Un negocio en transformación

Claudio López Lamadrid entró en la industria editorial cuando la linotipia y la fotocomposición todavía existían. Su primer trabajo consistió en eliminar con una goma de borrar los precios que los libreros escribían a lápiz en las guardas de los libros, y a partir de ese momento, y salvo un breve periodo como traductor y reseñista, nunca abandonó el sector. Cuando dio sus primeros pasos en Tusquets, nadie sabía que el negocio estaba a punto de cambiar, ni tampoco que el chico que borraba precios con la goma sería uno de los encargados de capitanear dicha transformación.

Ignacio Echevarría, Claudio López Lamadrid, Mariano Roca y Rofrigo Fresán. Foto: Mariano Roca.
Ignacio Echevarría, Claudio López Lamadrid, Mariano Roca y Rofrigo Fresán. Foto: Mariano Roca.

La irrupción de las nuevas tecnologías modificó absolutamente la forma de trabajar de los editores y, cuando López Lamadrid fue contratado para dirigir el mítico sello Literatura Mondadori, asumió su papel de agente transformador. Atrás quedaba un mundo caduco de máquinas de escribir, pipas apoyadas en ceniceros y editores de rancio abolengo, y por delante se abría un universo de grandes corporaciones, agentes literarios y mercados a explorar. Empezaba un nuevo milenio y Claudio asumió el papel de puente entre pasado y presente.

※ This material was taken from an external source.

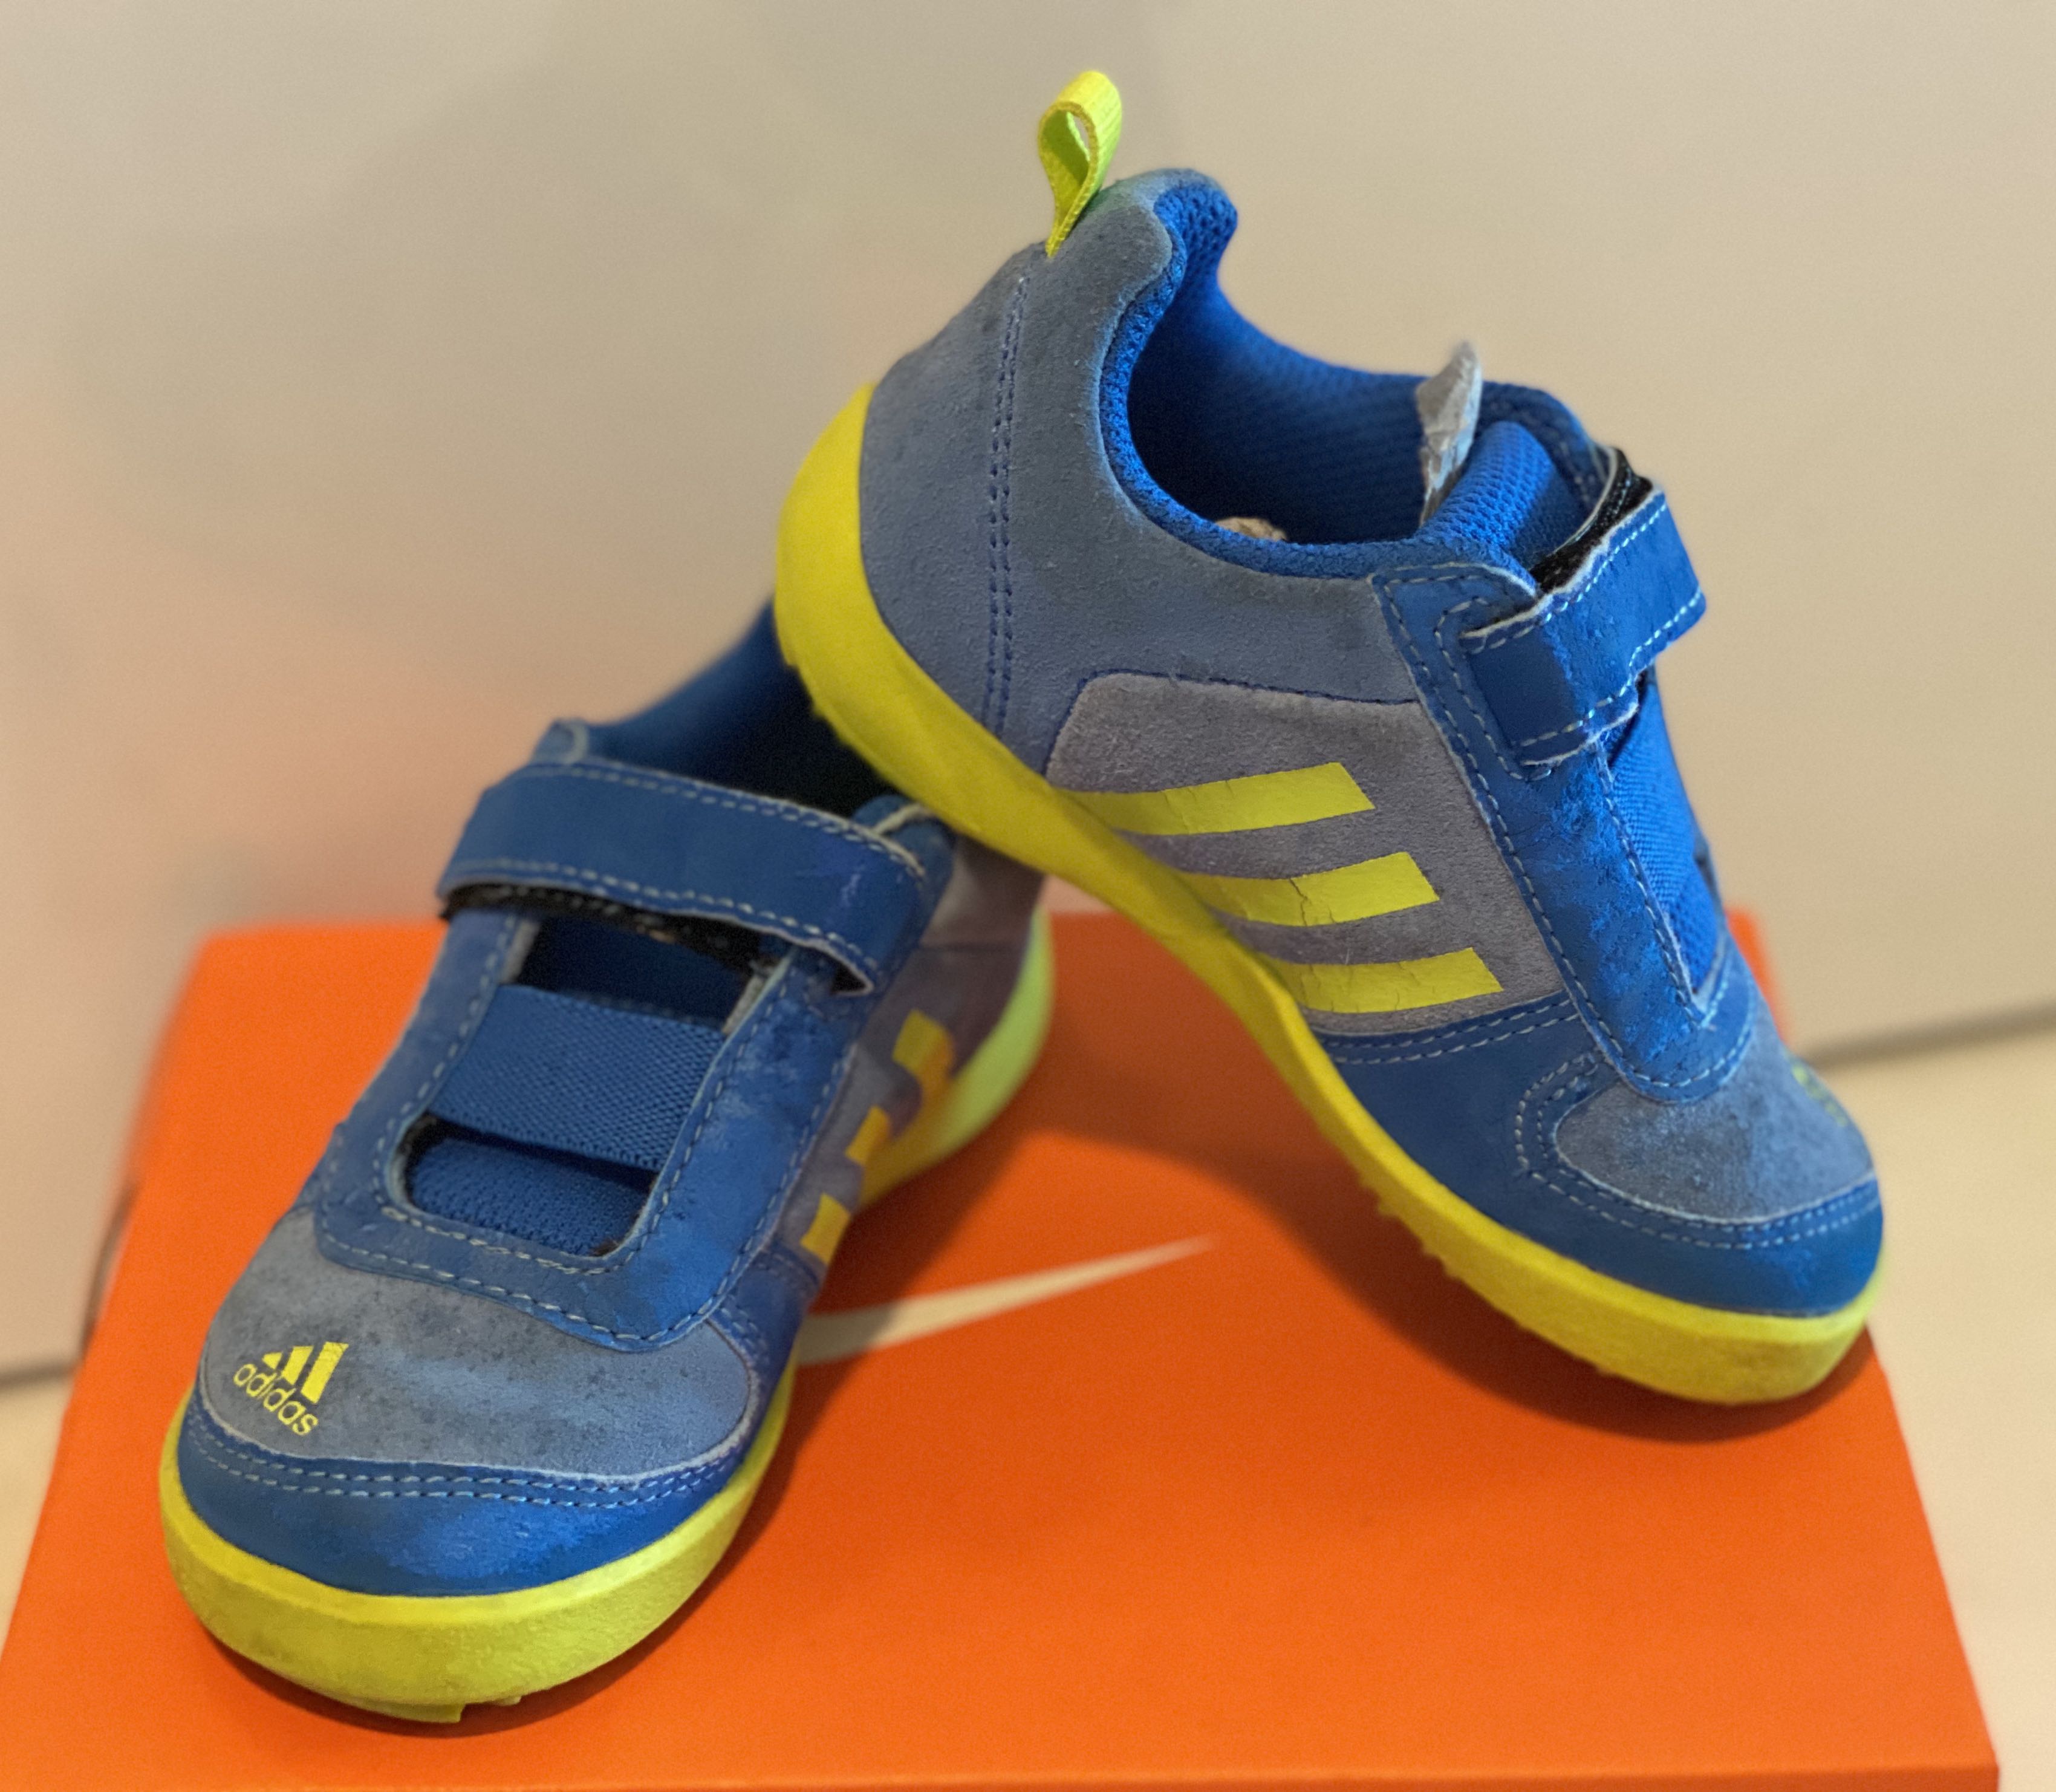 sports shoes for 10 year boy

Con la irrupción de las nuevas tecnologías, Claudio López Lamadrid ejerció el papel de puente entre pasado y presente en la industria editorial

Una vocación de editor es un ensayo sobre el papel que debe desempeñar el editor del siglo XXI, pero también es una carta de amor a un amigo difunto. Echevarría evita dejarse llevar por la emotividad, pero algunos párrafos desprenden tanto cariño como admiración hacia el que fuera, por así llamarlo, su alter ego. De hecho, en los agradecimientos finales, el crítico reconoce que aceptó el encargo de escribir este libro por una única razón: ‘seguir conversando con Claudio’.

Lo que quería era leer

Por cierto, en las páginas finales de esta pequeña joya bibliográfica, Echevarría nos explica el motivo por el que Claudio López Lamadrid resopló el día en que coincidió en el tren con Emiliano Monge, así como la razón de sus frecuentes huidas en mitad de las fiestas. Y es que, como tantos otros colegas de profesión, Claudio se hizo editor porque le gustaba leer. Sin embargo, pronto descubrió que ser editor podía ser la vía más directa para dejar de hacerlo o, al menos, para dejar de hacerlo con libertad.

Las ferias, los contratos, los autores, los balances de cuentas, las reuniones… Hay demasiadas cosas que roban el tiempo a los editores, quienes en muchas ocasiones acaban leyendo tan sólo aquello que van a publicar y quienes, en consecuencia, le pierden el gusto a eso que antes les hacía vibrar.

Claudio percibió este peligro enseguida y no cayó en la trampa. Él quería seguir disfrutando de la lectura, quería continuar eligiendo los libros por placer, quería mantener vivo al chaval de la goma de borrar. Y por eso, cuando disponía de tiempo libre, ya fuera en un bar o en un tren rumbo a Madrid, se apartaba de todo y de todos, y se sumergía en la lectura de alguna novela o poemario que no hubiera publicado él.